> **EXERCISE MATERIALS**
* * * * * * * * *

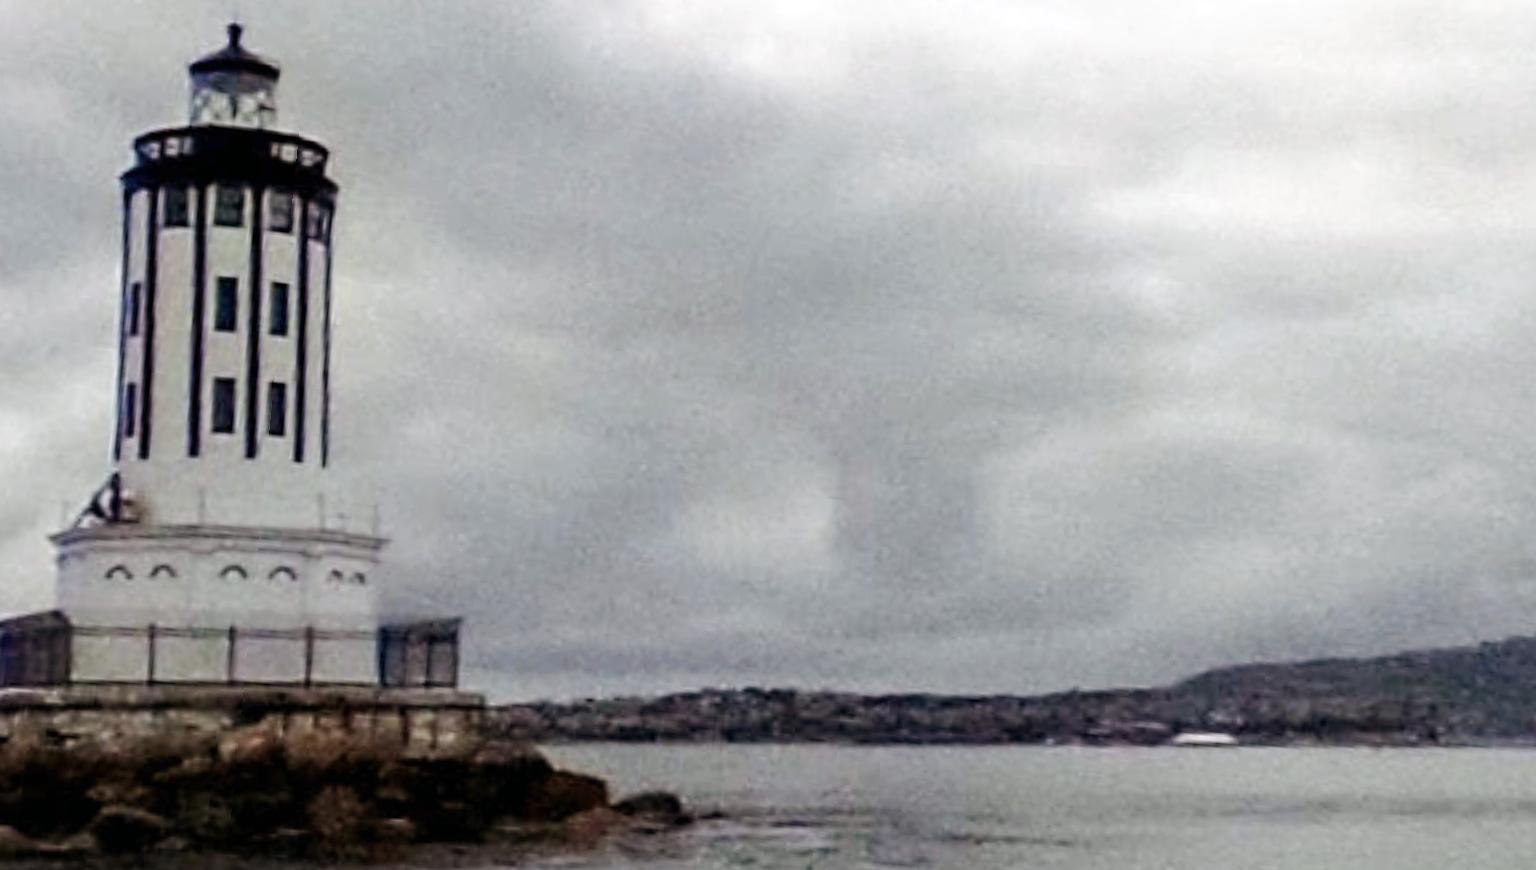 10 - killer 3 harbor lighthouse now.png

* * * * * * * * *

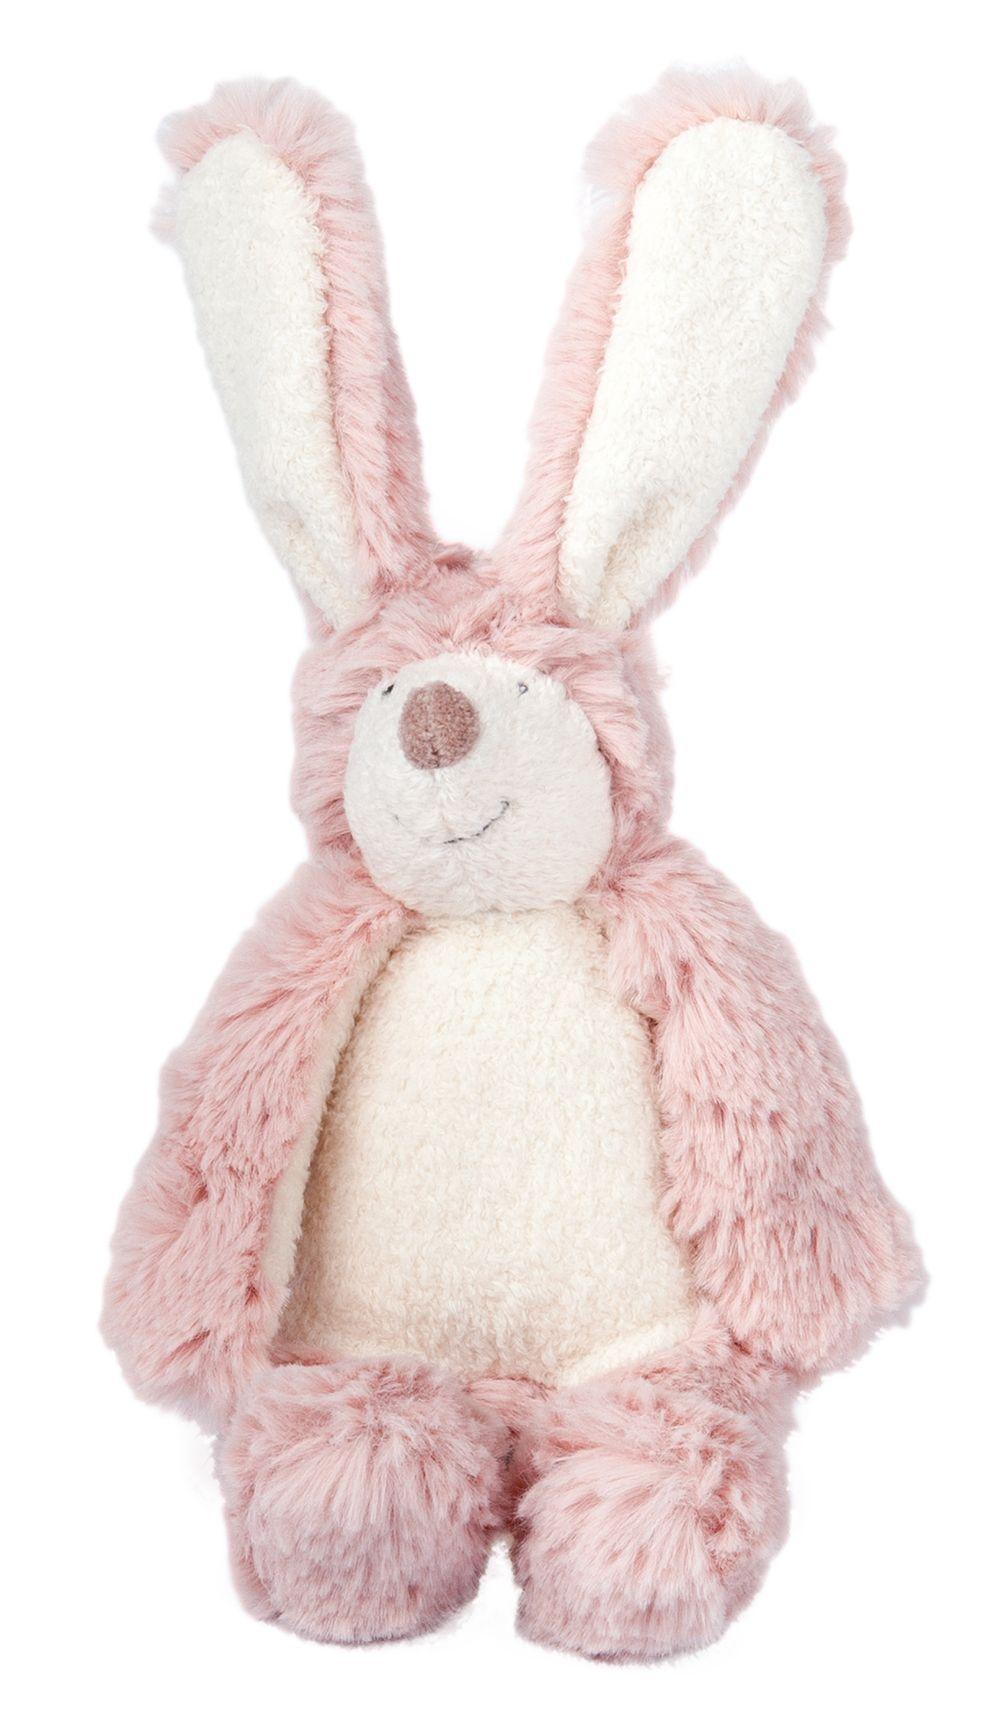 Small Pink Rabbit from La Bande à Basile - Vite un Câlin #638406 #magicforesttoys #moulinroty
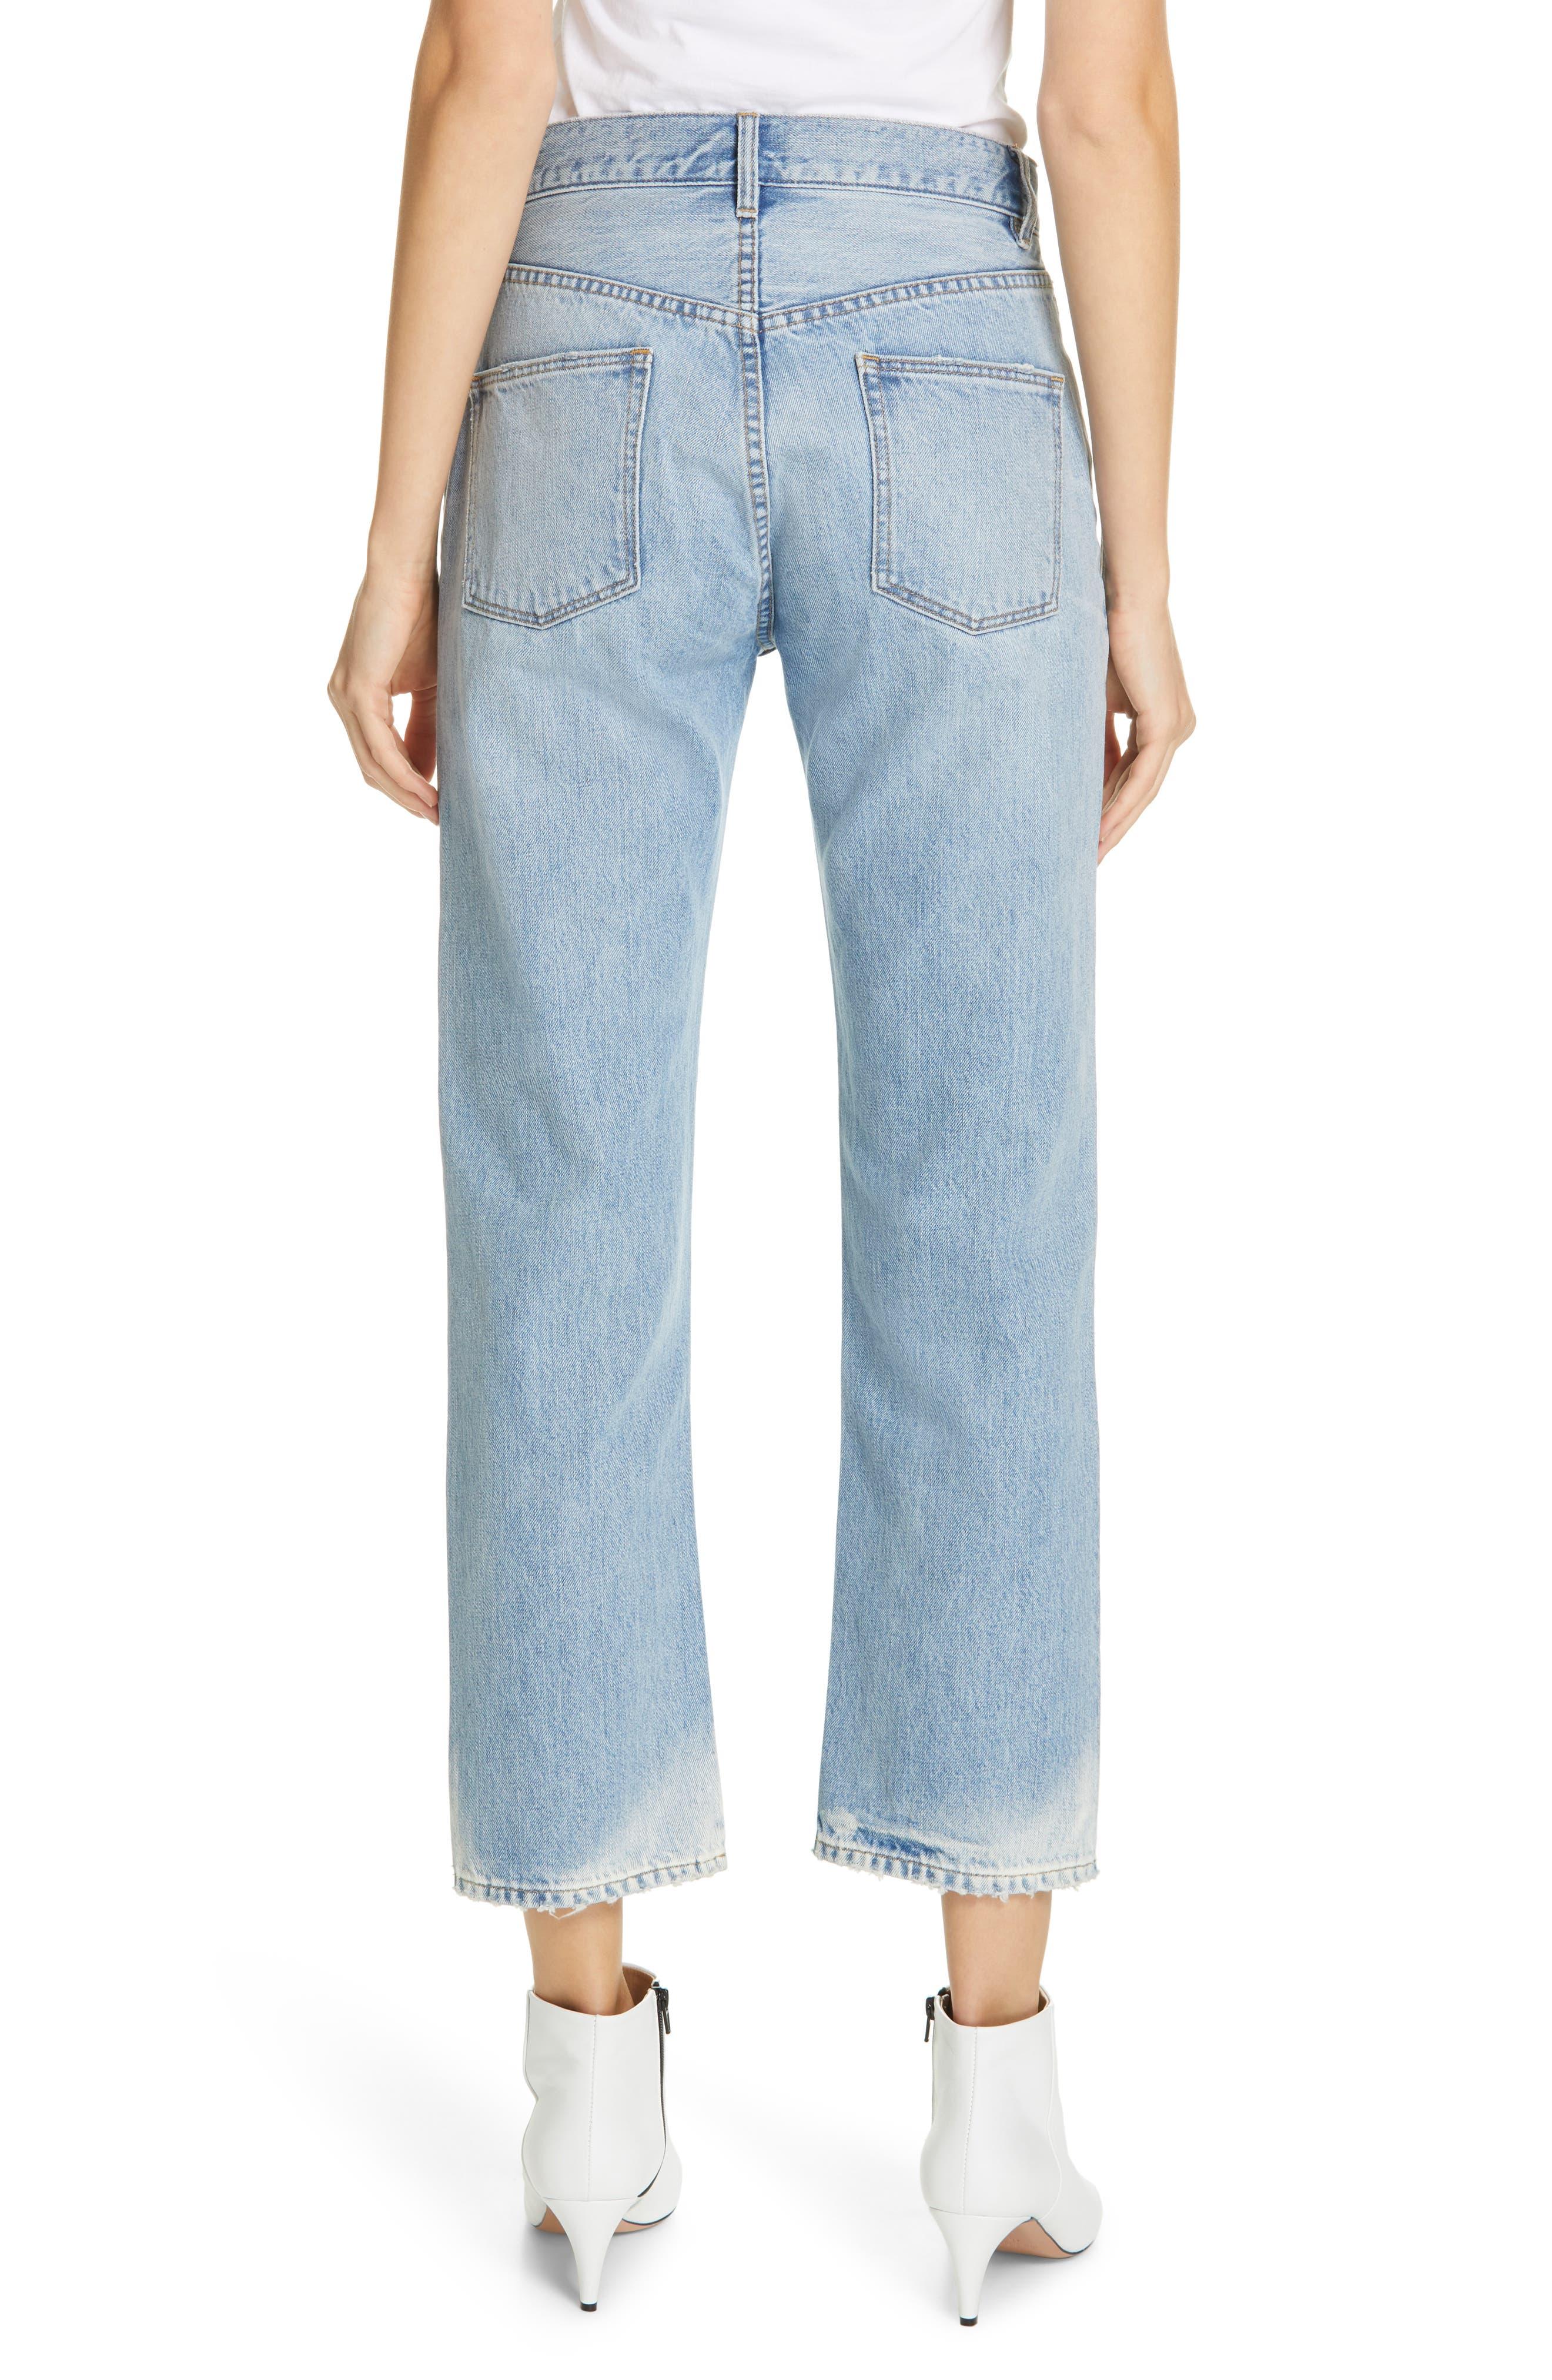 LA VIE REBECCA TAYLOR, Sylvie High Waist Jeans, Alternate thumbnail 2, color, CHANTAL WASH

* * * * * * * * *

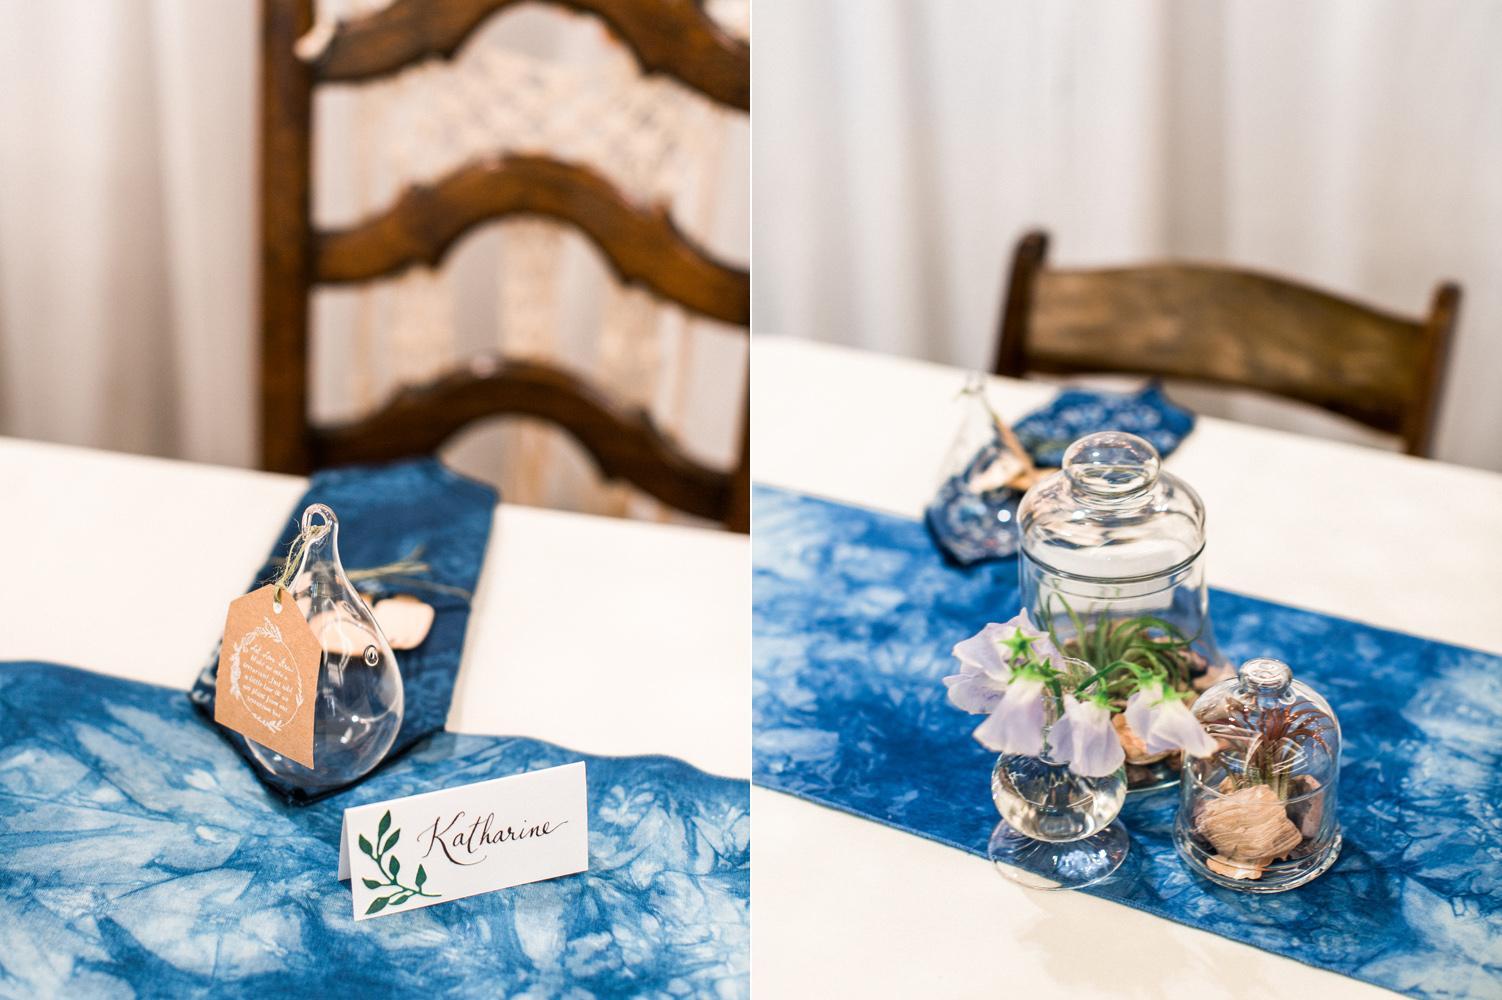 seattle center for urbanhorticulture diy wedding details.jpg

* * * * * * * * *

> **WHAT IS NEEDED**
Go to the line above that has "Small Pink Rabbit" and copy exactly from there down to the line that has "LA VIE REBECCA", both included. Leave the pictures out.

> **OUTPUT OF THE EXERCISE**
 Small Pink Rabbit from La Bande à Basile - Vite un Câlin #638406 #magicforesttoys #moulinroty
 LA VIE REBECCA TAYLOR, Sylvie High Waist Jeans, Alternate thumbnail 2, color, CHANTAL WASH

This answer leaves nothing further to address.